Good news about your new arrival Kat!
OK so this is what is happening our end...
We have removed the bedroom 'wall' and at the opposite end of the cage have draped a picnic blanket.
My husband has cut up two shoe boxes to make two little hiding places one at each end filled with hay. 
We haven't done anything about the food and water yet as this doesn't seem to be an issue at the moment, but we will be keeping a close eye on it and if the submissive one is missing out that will be the next step!
Thanks again!
Emma


----------



## kat04kt

No problem - best of luck  xx


----------



## encn71

AAAGH!
A bad night, it is escalating to more of a mini fight rather than just pushing him out. I have separated them for Max's safety but have no way of letting them see or smell each other as only have one cage, so I can't do that for long.
I am going to buy a 2 tier cage today and make a second bedroom on the ground floor with its own water and food. 
I will then try the bath etc.
Do you think that it will be ok if they have their own separate areas but can access both floors via the ramp? The cage I have seen has a trap door which you can close if you need to to make it like 2 cages if they need 'time out'.
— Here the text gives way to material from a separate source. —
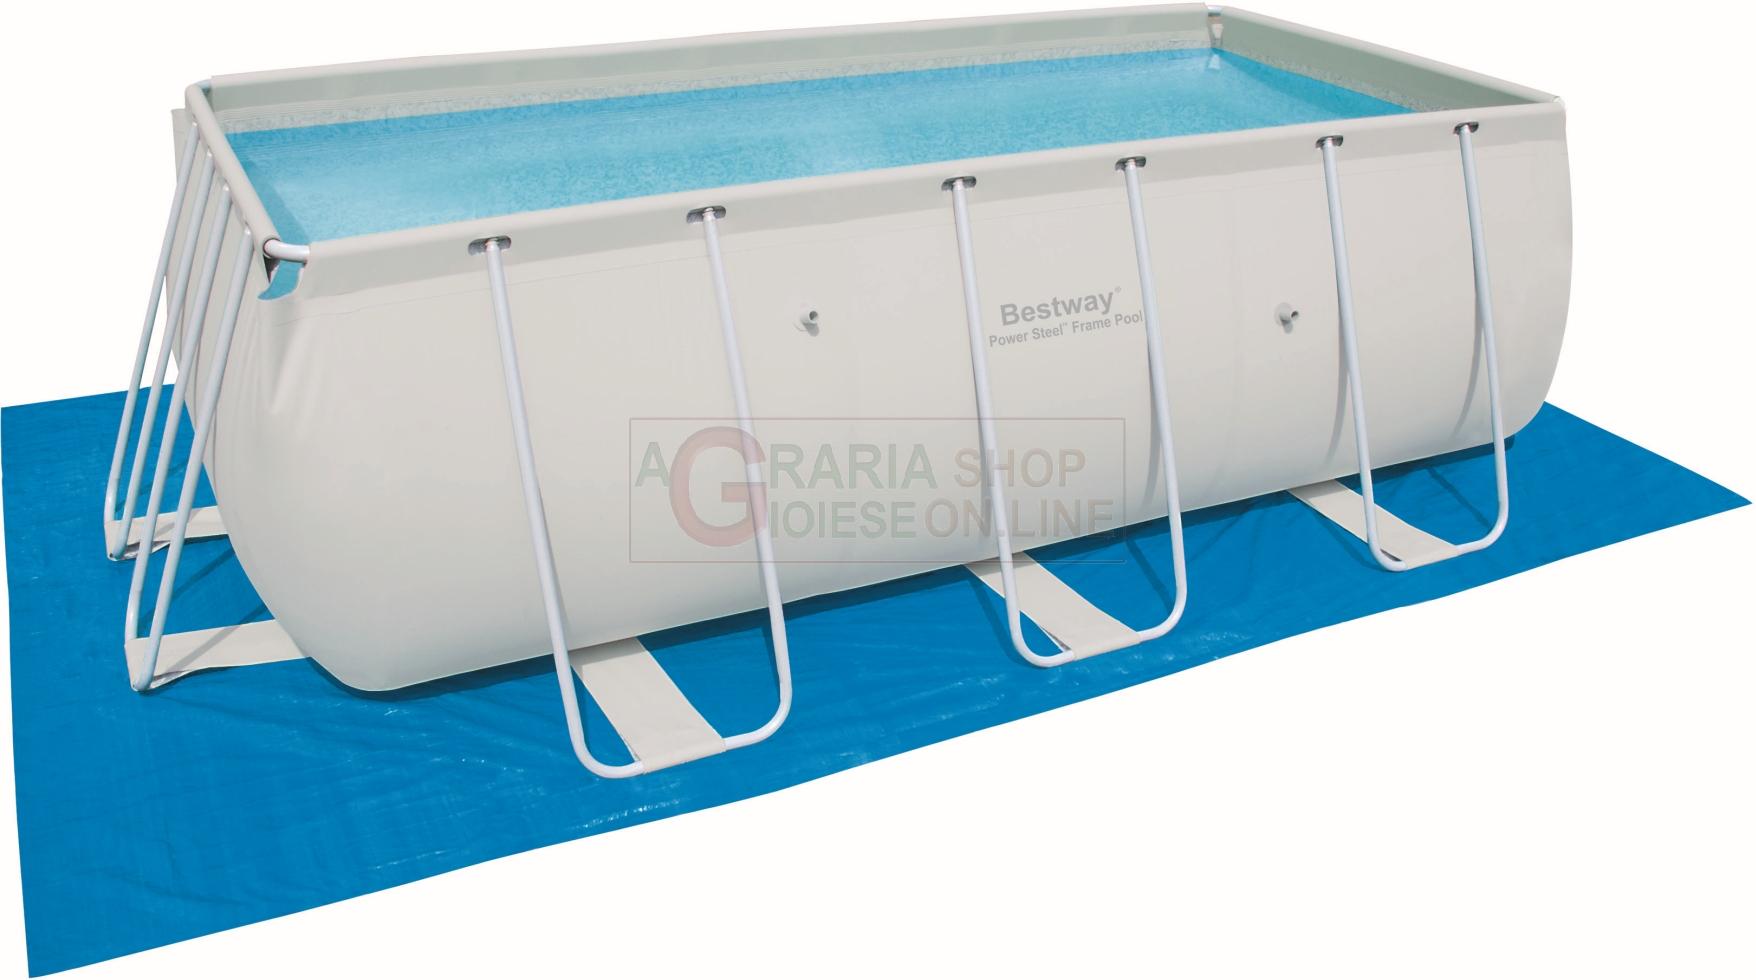 Bestway 58264 telo tappetino di base per piscine for Bestway italia piscine

I would really appreciate some more advice before I pay for this new cage as I don't want to buy it if it is the wrong decision!

Thank you!


----------



## JTK79

Have you had a look here? Its a great site and they have helped me loads with my boys  Guinea Pig Forum | Guinea pig care information in Jersey, Channel Islands | Care Resource & Guinea Pig Forum | Rodents With Attitude


----------



## encn71

Hi, we are now off to the vets as I had a good look at Max and I think his scent gland is very sore from being scratched.
I have put some chicken wire down the middle of the cage to keep them apart but so they can still smell each other and have a chat, not that Max wants to do much this afternoon except hide in the corner.
Poor things, I am getting worried we may not get to a happy conclusion. I really don't want to separate them!


----------



## encn71

Vet says he has lots of scratches on his back and on his scent gland but is very healthy and none are infected. She said to keep them separate but together for a few days and then gradually reintroduce them. 
Attached is a photo of the redesigned run I have made in the garden. Rex (the dominant one) is by the plant pot and Max is hiding in the shoe box!!
Their cage is now separated by chicken wire.
Thanks to everyone for your helpful advice it has really been great, and also having someone to voice ideas and concerns to is a help!
Lets hope it all turns out ok in the end and they become friends again.
Emma


----------



## encn71

One more question!!!!

All is peaceful in the hutch/run with separating chicken wire. Max has settled now he isn't afraid of being attacked all the time and is eating loads.
I was thinking I should maybe keep changing which side they are in so they have to live in each other's smells. Do you think that is the right thing to do or will it fire Rex (the dominant one) up again? I don't want their smells to become alien to each other for when I try to reintroduce them.

Thank you (again!)


----------



## JTK79

Thats good they are settling  they will still be able to smell and see each other where they are so I would leave them while they are happy.


----------



## kat04kt

It sounds like you are doing everything right. Please do sign up for theguineapigforum - there's is so much advice there on boar behaviour, bonding and rebonding. It's very very similar to this site but entirely focused on guinea pigs. So many members have experienced what you're experiencing now and will have some great advice. 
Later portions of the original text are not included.